ECB Climate Stress Test Emphasizes Speedy Transition to Green Economy as Key to Financial Resilience for Households, Firms and Banks

The European Central Bank (ECB) has released the findings from its second economy-wide climate stress test. The results indicate that a rapid green transition is the optimal route to a net-zero economy for euro area firms, households, and banks, reducing medium-term costs and risks. ECB Vice-President Luis de Guindos emphasized the necessity for swifter policies to achieve the Paris Agreement goals, warning that a slower pace will increase economic and financial risks.
The stress test evaluated three transition scenarios: (1) An “accelerated transition” that quickly implements green policies, achieving emission reductions by 2030, (2) a “late-push transition” that maintains the current trajectory until 2026, then intensifies to meet 2030 emission reduction targets, and (3) a “delayed transition” which starts in 2026 but fails to align with the 2030 Paris Agreement goals. Findings reveal that firms and households benefit significantly from a rapid transition. Faster transitions initially demand higher investment but reduce financial risks in the medium-term. In the accelerated scenario, green investment by euro area firms reaches €2 trillion by 2025. Banks face higher credit risks when transitions are delayed and investments are rapidly implemented later at escalated costs. Moreover, any further delay in transitioning escalates long-term costs and risks, with severe impacts on the economy and the financial sector. This recent test builds on the ECB’s earlier assessments and is part of its ongoing commitment to understanding climate-related risks. Access the report summary here.

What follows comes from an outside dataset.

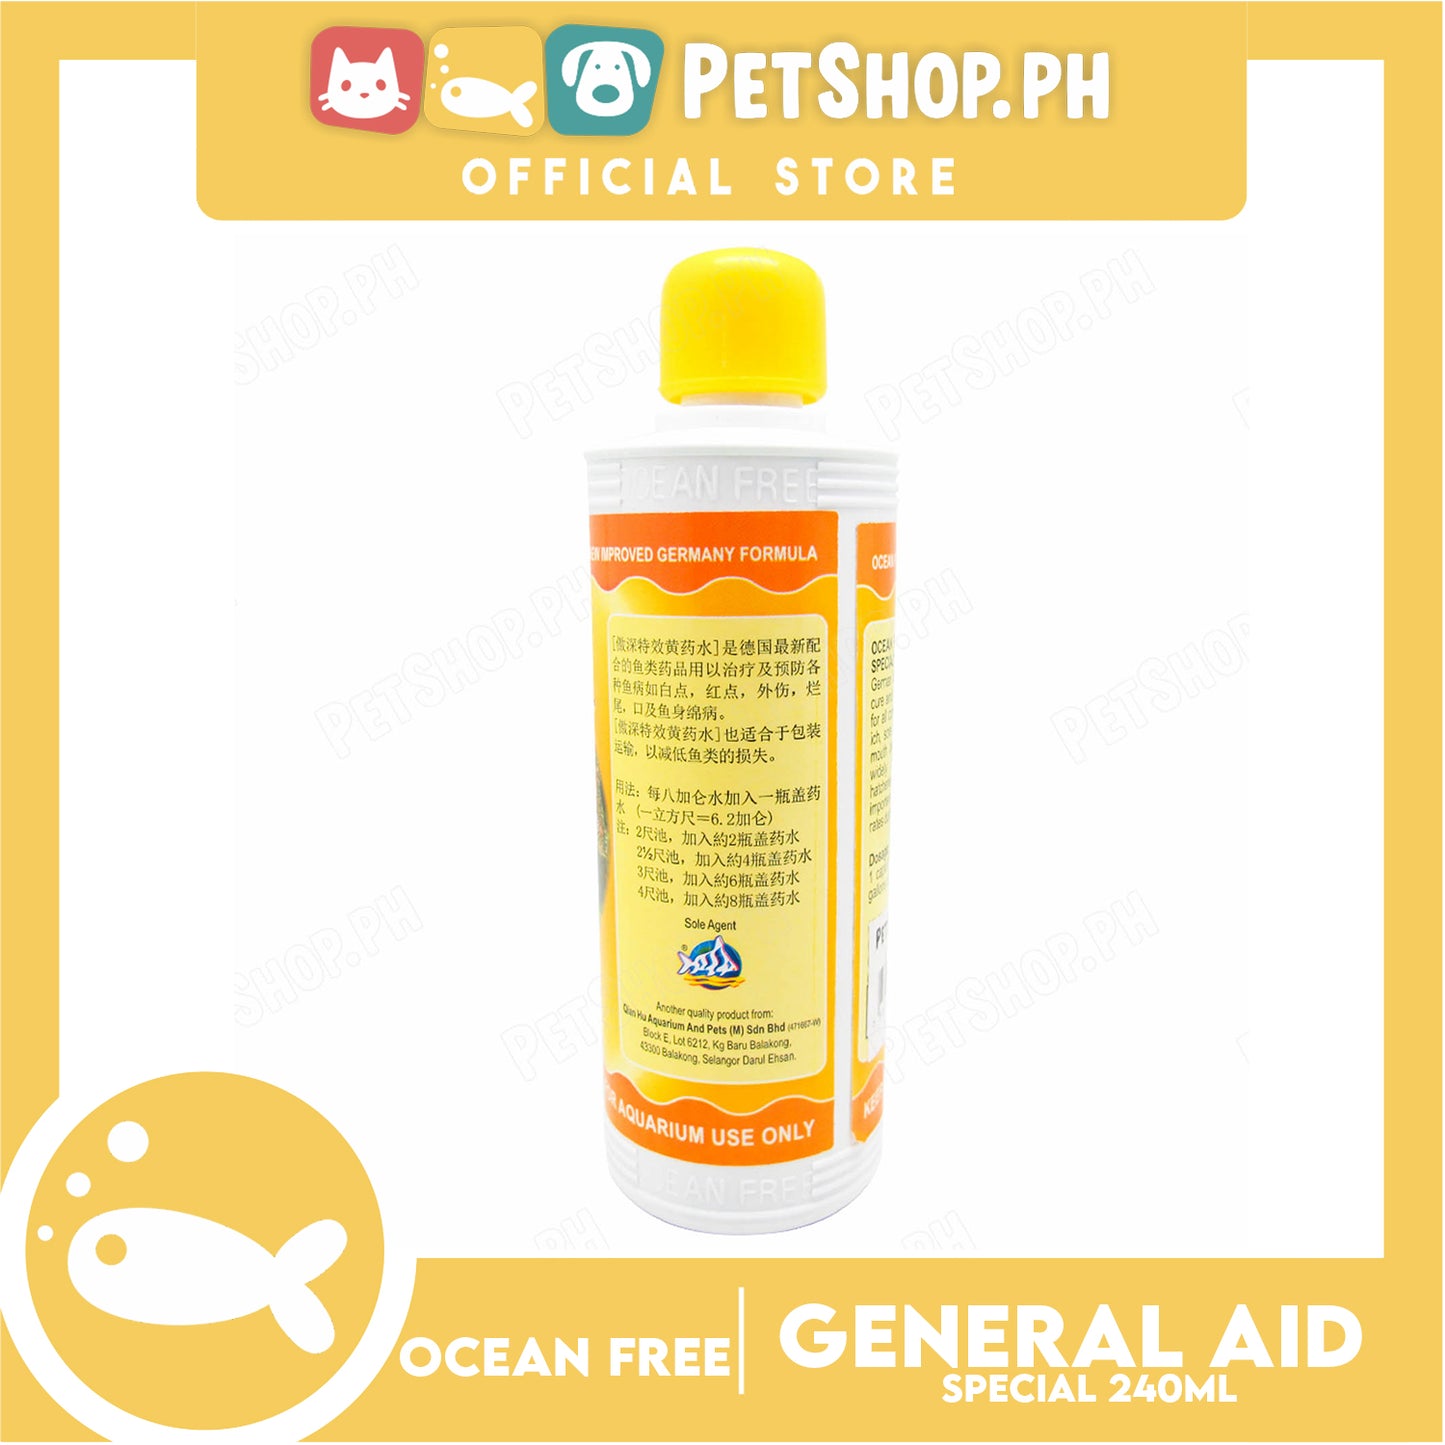 Ocean Free General Aid Special Aquarium Medicine 240ml

Swedish Authority to Probe Fund Managers Over EU Sustainability Regulations Compliance, Greenwashing Risks Amid Rising Demand for Sustainable Investment

The Swedish Financial Supervisory Authority (FI) is set to conduct an in-depth analysis of fund managers’ compliance with new European Union (EU) regulations on sustainability risks and related disclosures. This move is part of the European Securities and Markets Authority’s (ESMA) aim to build a consensus among supervisory authorities in all EU member states. The review will focus particularly on risks of greenwashing and will seek to examine how fund management companies and alternative investment fund managers (AIFMs) adhere to new sustainability rules. Seven fund managers have been selected for the first part of this two-part analysis. This initiative is in response to growing consumer demand for sustainable investment options and the need for accurate, relevant, and comparable sustainability information.


Leadership changes

The CEO of the Swiss Financial Market Supervisory Authority (FINMA), Urban Angehrn, is set to resign from his position by the end of September 2023. The board has appointed Deputy CEO, Birgit Rutishauser, as the interim CEO from 1 October 2023 and begun the process of filling the position permanently.